◆ **SOURCE MATERIAL**
· · ·
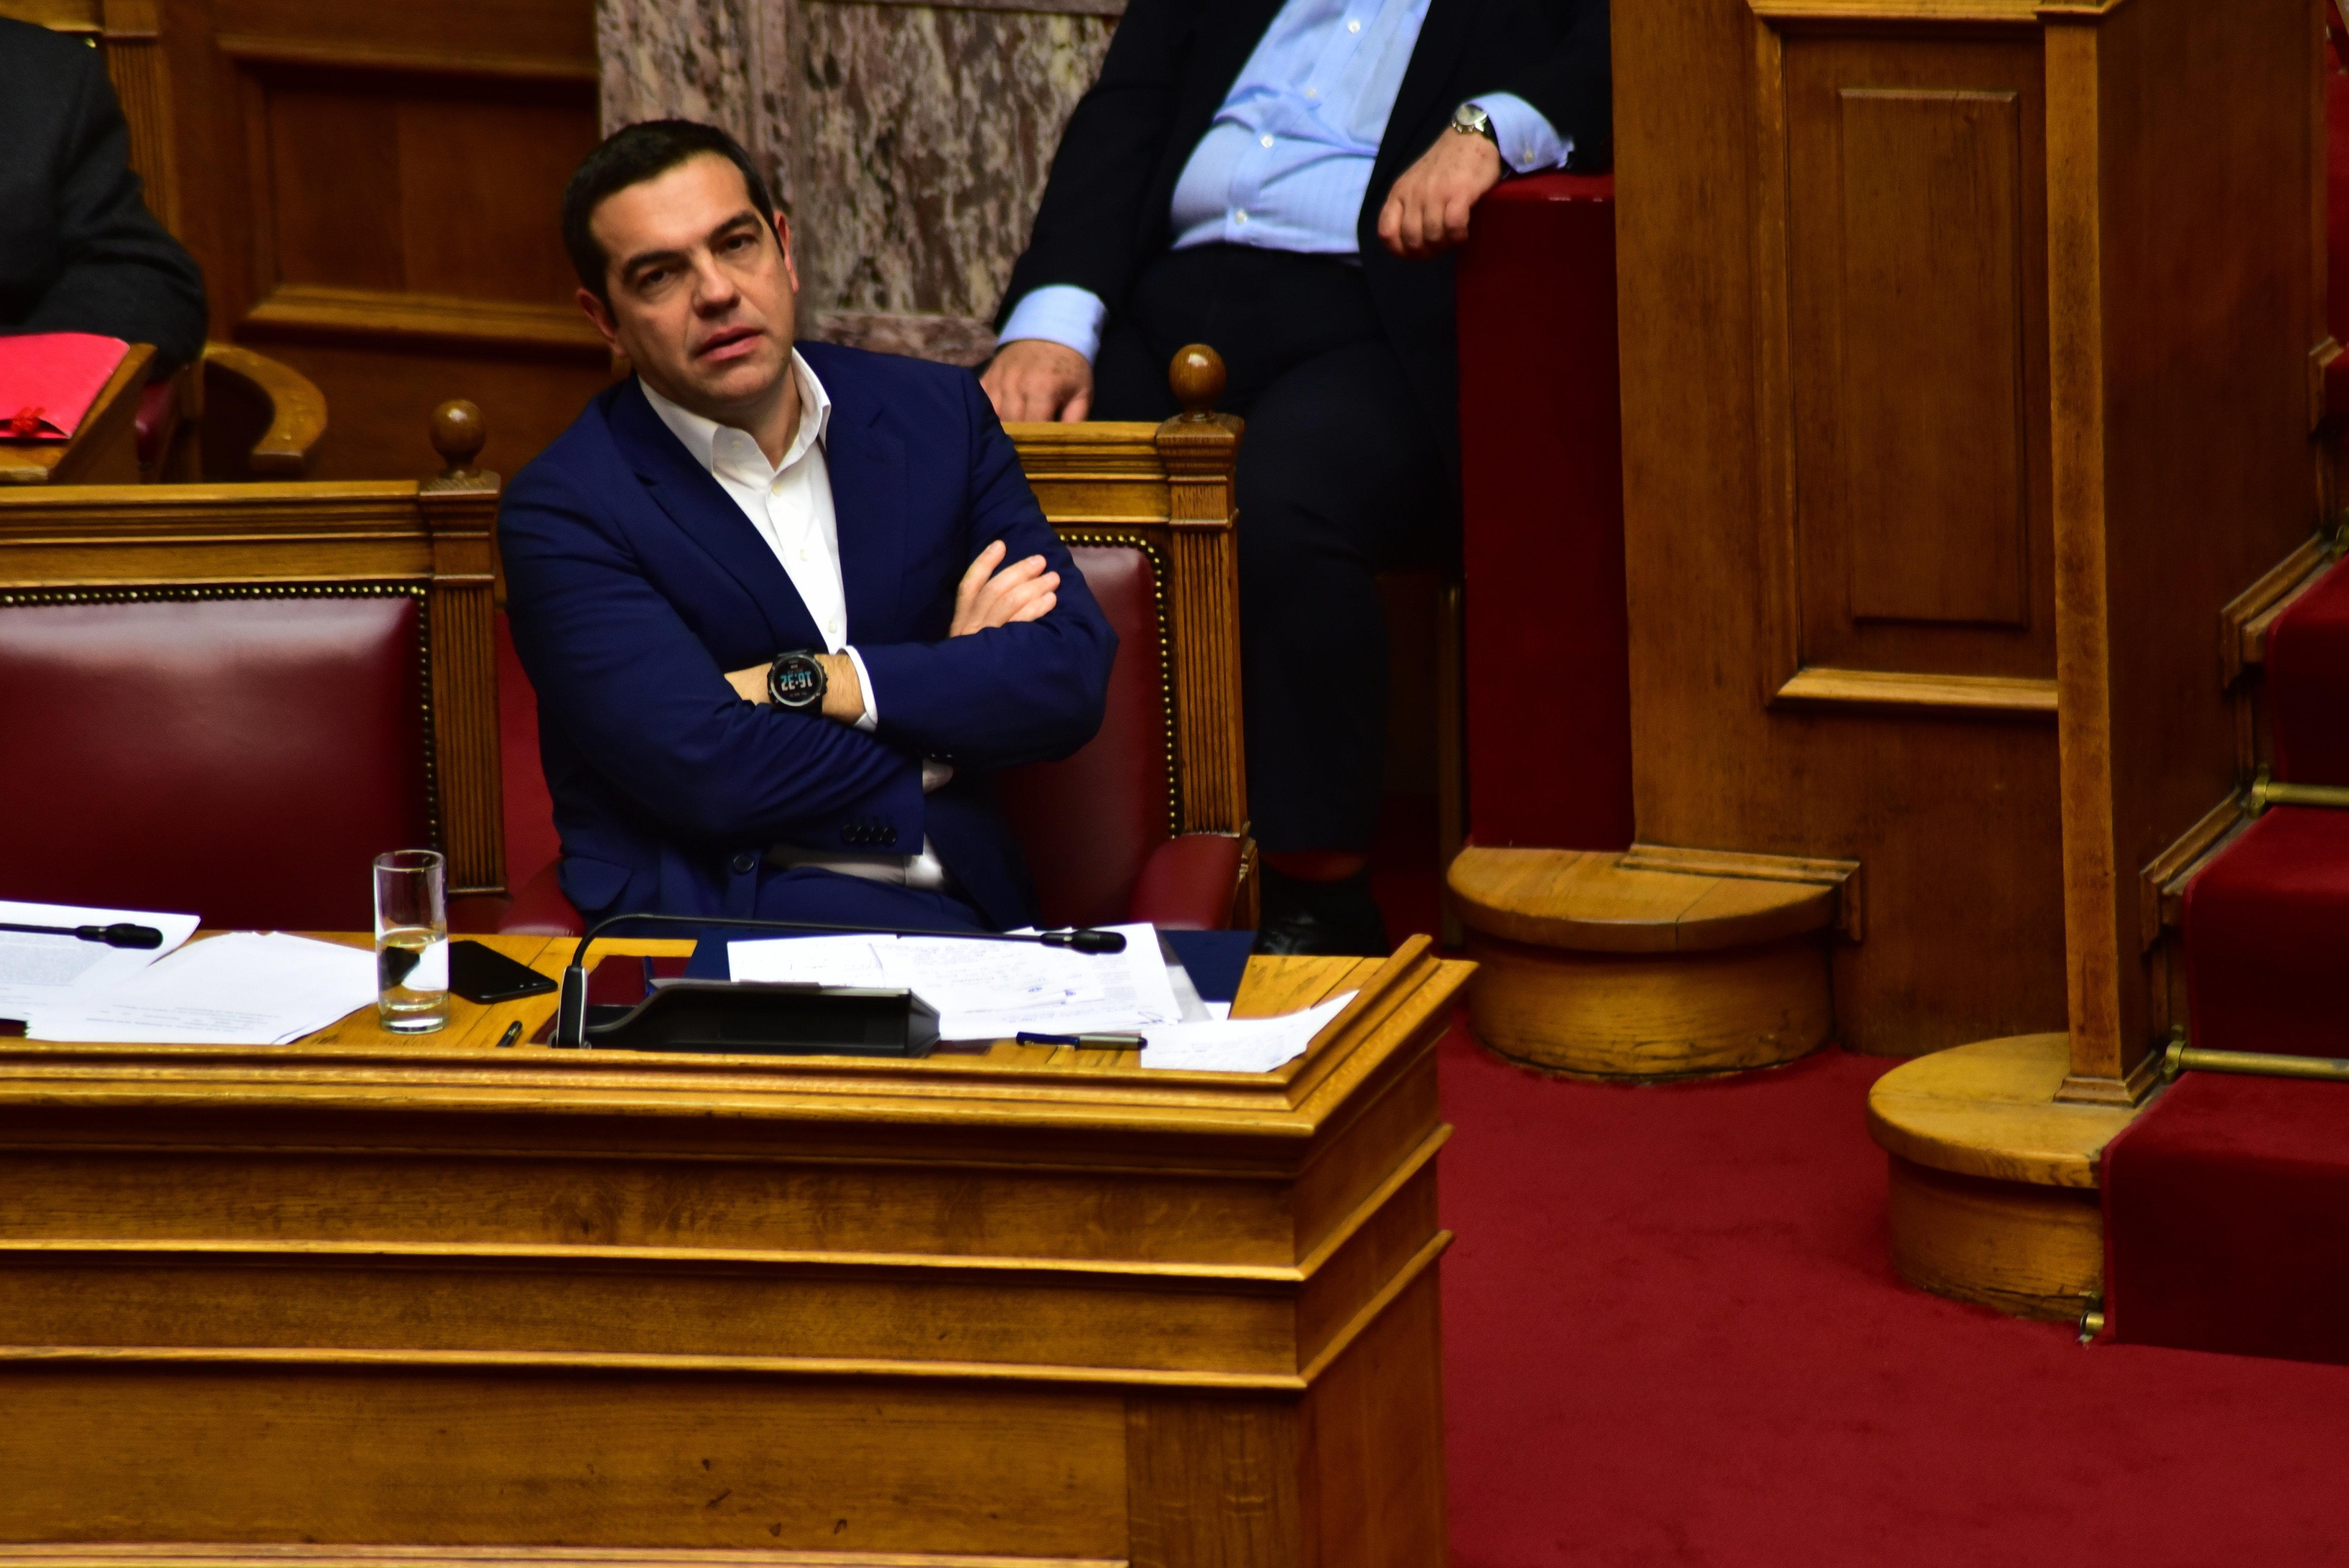 Στη Βουλή για τον ΕΝΦΙΑ ο Τσίπρας - Ανοιχτή η κουβέντα για τους δημάρχους στον
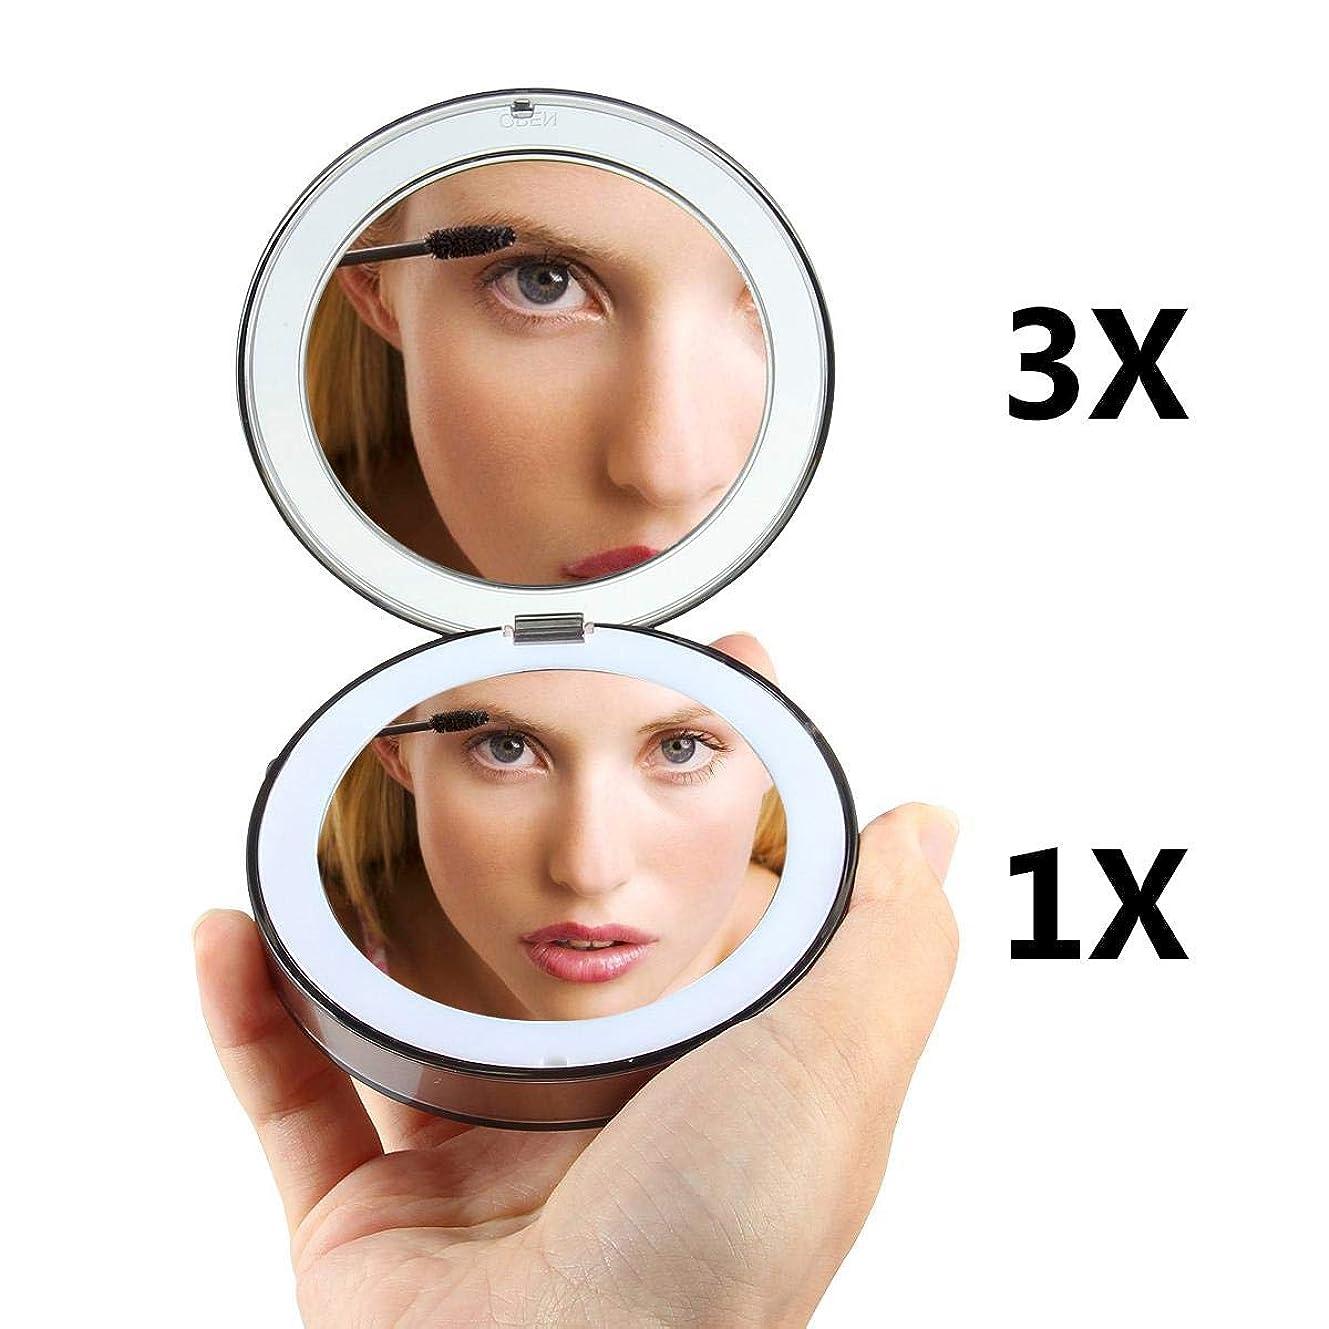 対バウンド実験室OOOUSE 化粧鏡 Led付き 拡大鏡付き メイクかがみ ライト 手鏡 コンパクト 折りたたみ ポケット 携帯 女優ミラー 軽量 小さい USB充電 可愛い 丸 二面鏡 明るさ調節可能
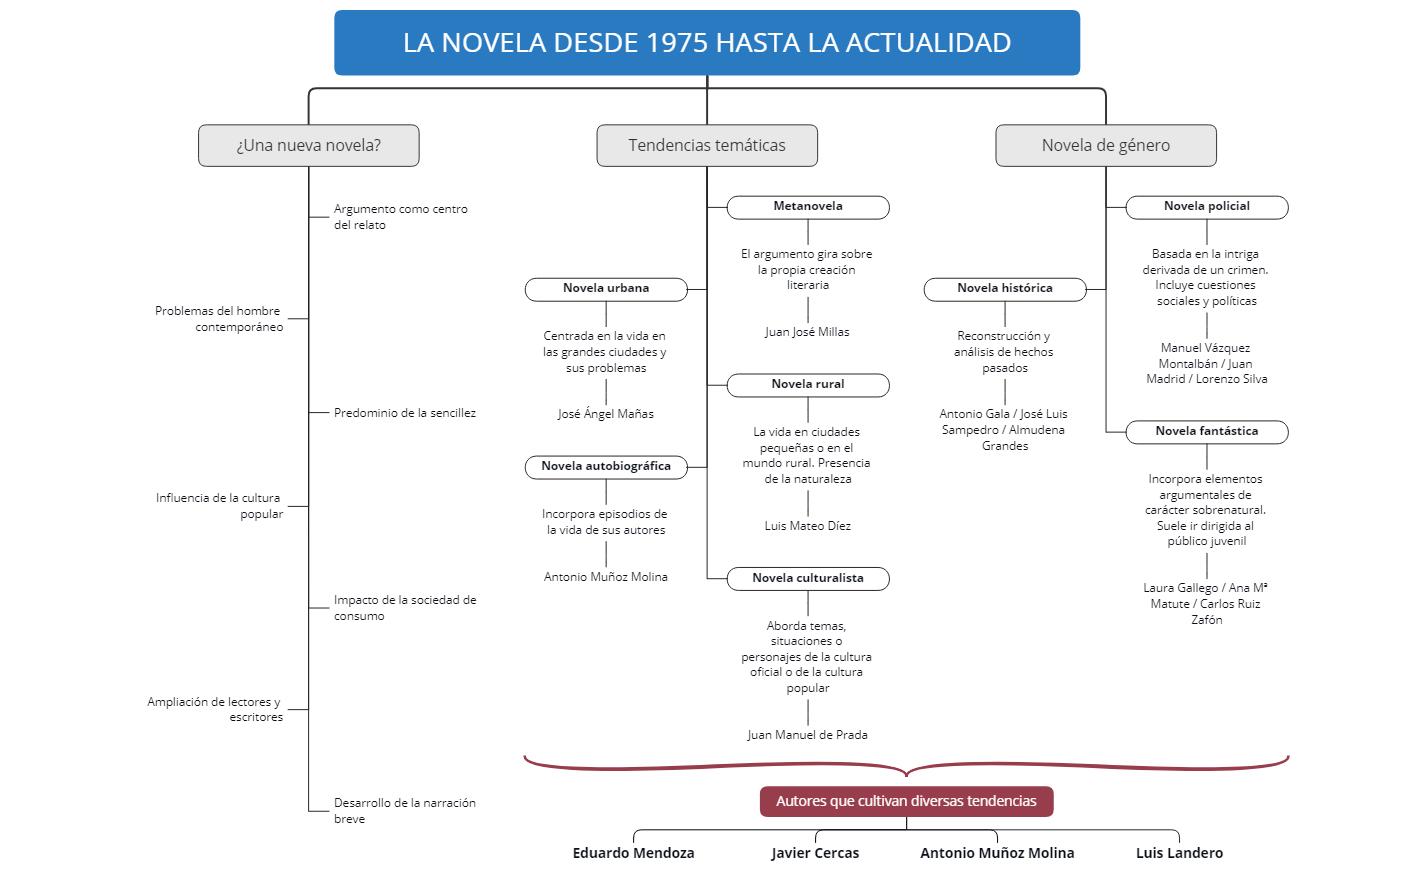 La novela desde 1975 hasta la actualidad
· · ·
◆ **YOUR OBJECTIVE**
Omitting all pictures, give the preceding listing again exactly.

◆ **REPLY**
 Στη Βουλή για τον ΕΝΦΙΑ ο Τσίπρας - Ανοιχτή η κουβέντα για τους δημάρχους στον
 対バウンド実験室OOOUSE 化粧鏡 Led付き 拡大鏡付き メイクかがみ ライト 手鏡 コンパクト 折りたたみ ポケット 携帯 女優ミラー 軽量 小さい USB充電 可愛い 丸 二面鏡 明るさ調節可能
 La novela desde 1975 hasta la actualidad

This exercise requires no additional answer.